— REQUIRED ACTION —
Copy verbatim the span of lines beginning at the line that contains "levis 504 jeans" and ending with the final line of the data. Exclude pictures from the copy.

— THE DATA —
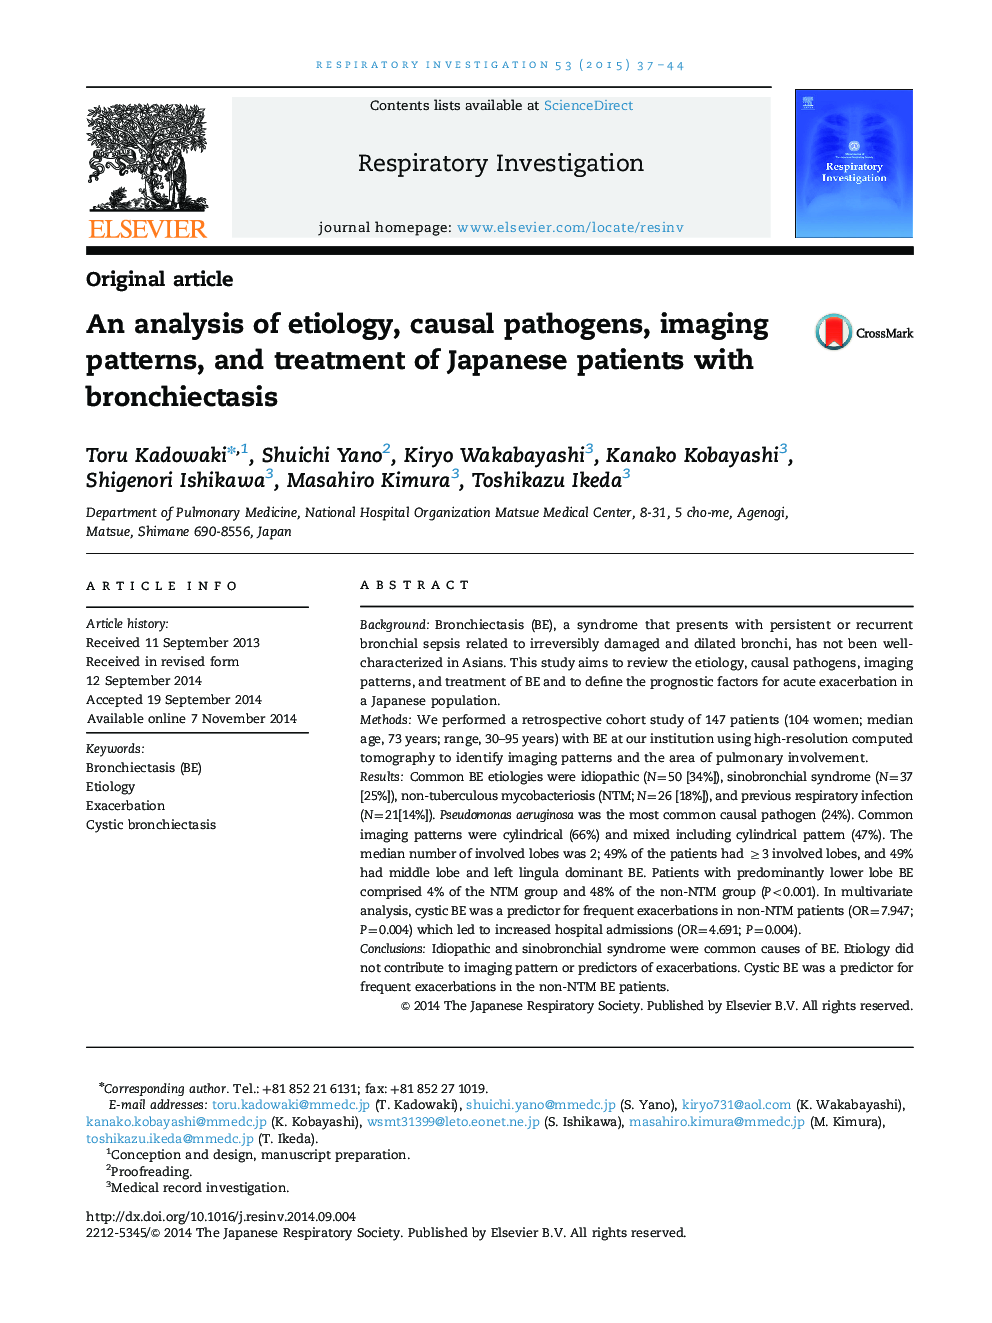 تجزیه و تحلیل علل، پاتوژن های علی، الگوهای تصویربرداری و درمان بیماران ژاپنی با برونشکتازی 
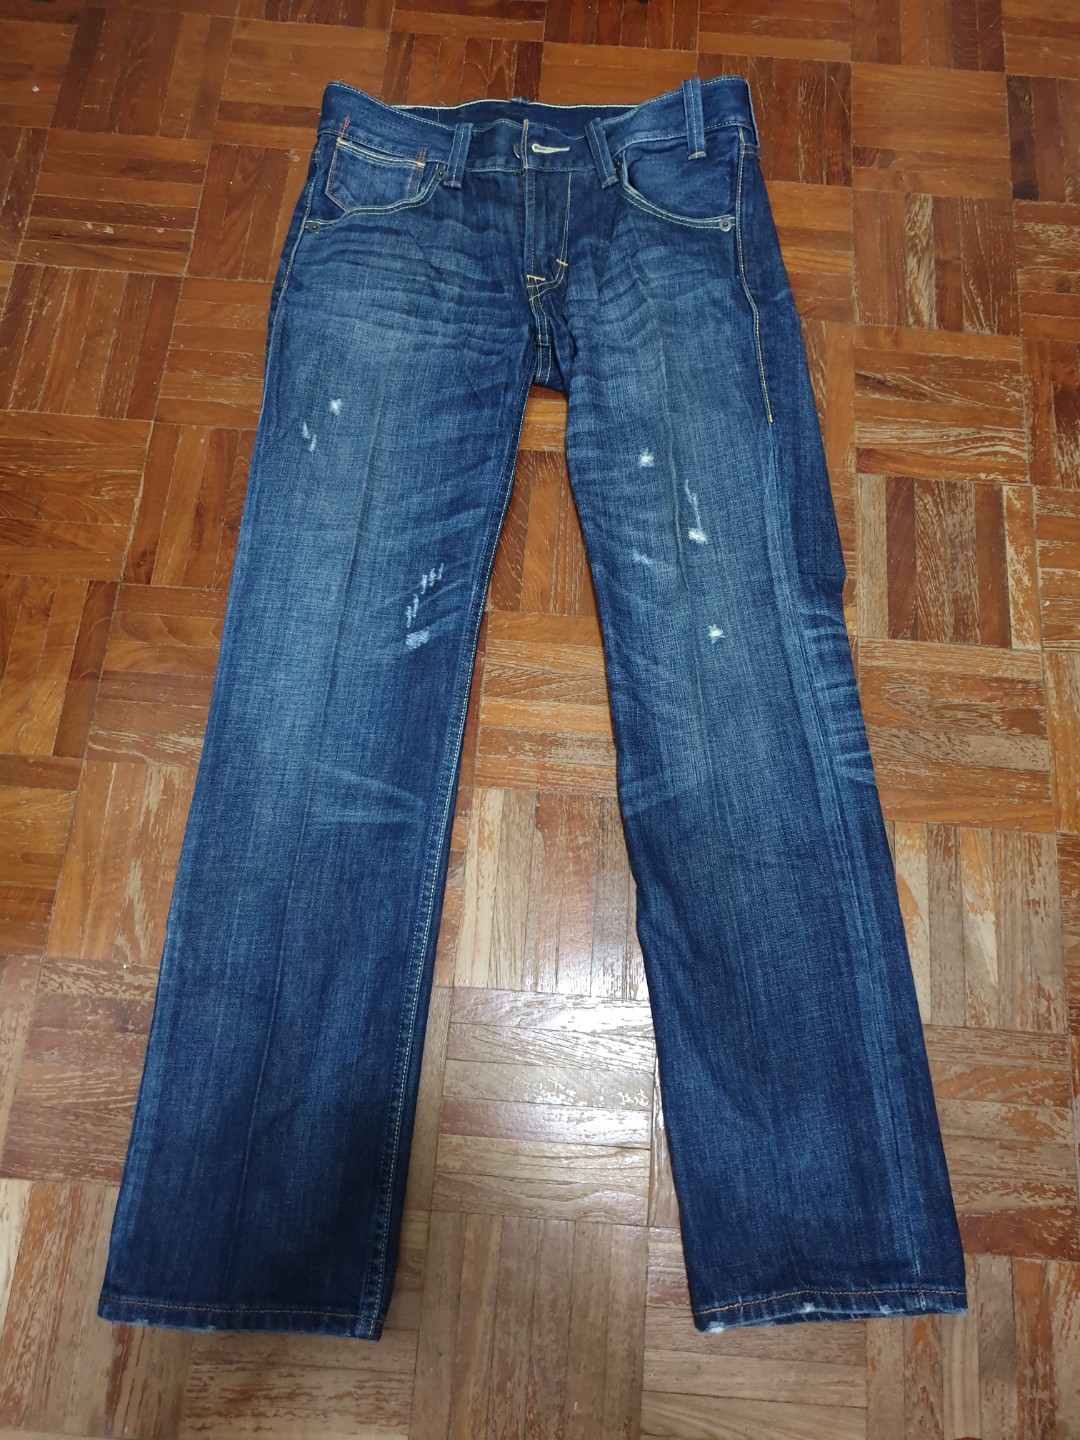 levis 504 jeans
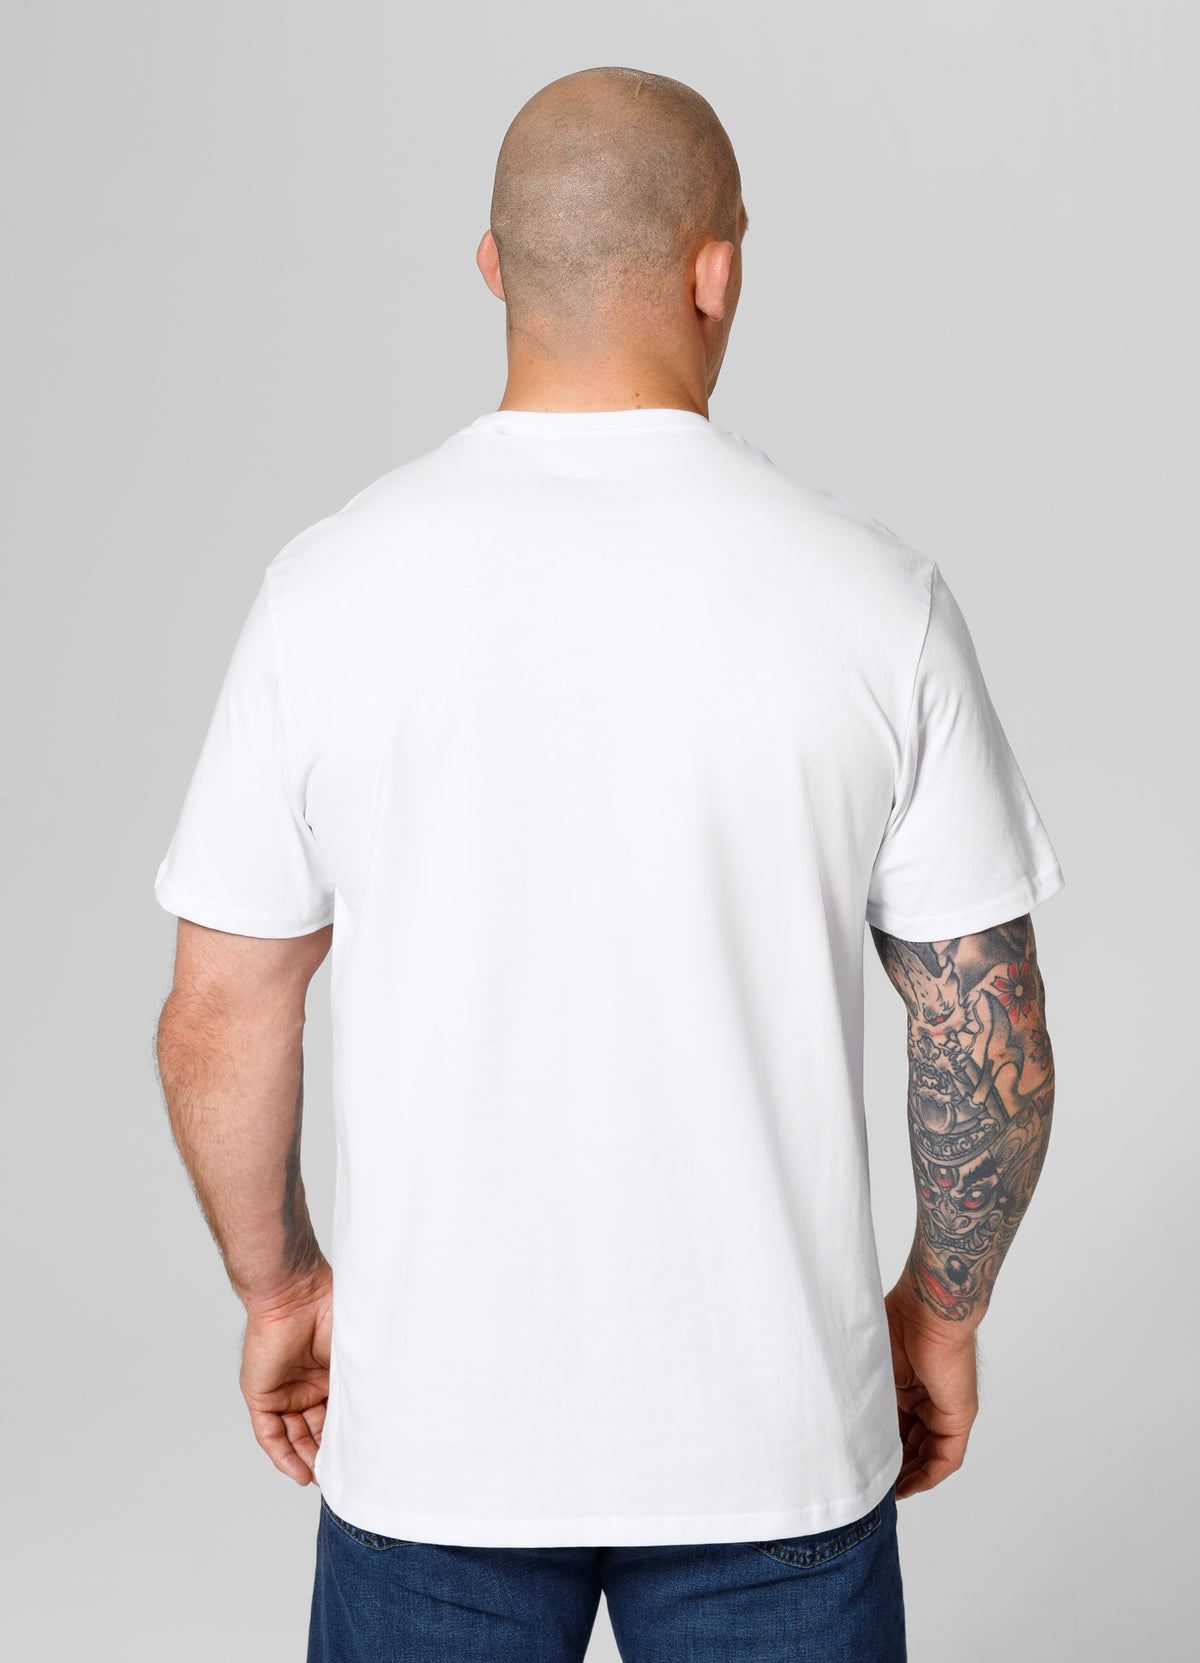 SCRATCH Lightweight White T-shirt - Pitbullstore.eu
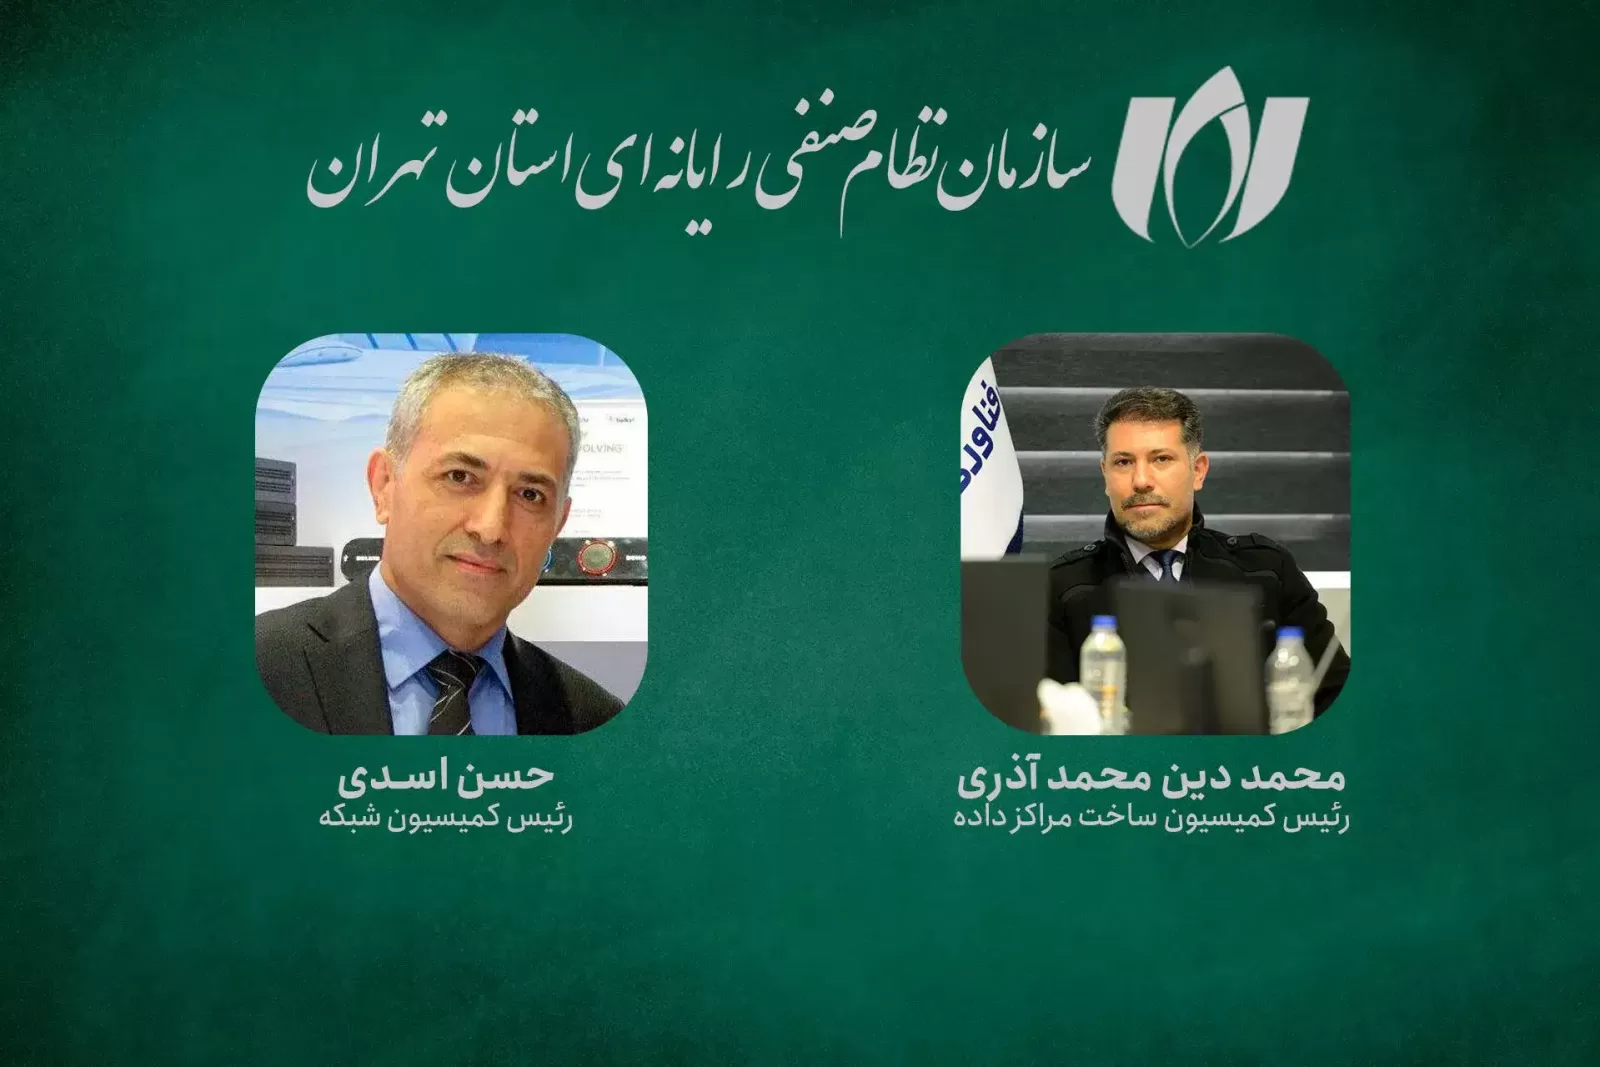 آقایان محمد دین محمد آذری و حسن اسدی به ترتیب به عنوان رئیس کمیسیون ساخت مراکز داده و رئیس کمیسیون شبکه

— ANSWER TO THE PROBLEM —
 levis 504 jeans
 SCRATCH Lightweight White T-shirt - Pitbullstore.eu
 آقایان محمد دین محمد آذری و حسن اسدی به ترتیب به عنوان رئیس کمیسیون ساخت مراکز داده و رئیس کمیسیون شبکه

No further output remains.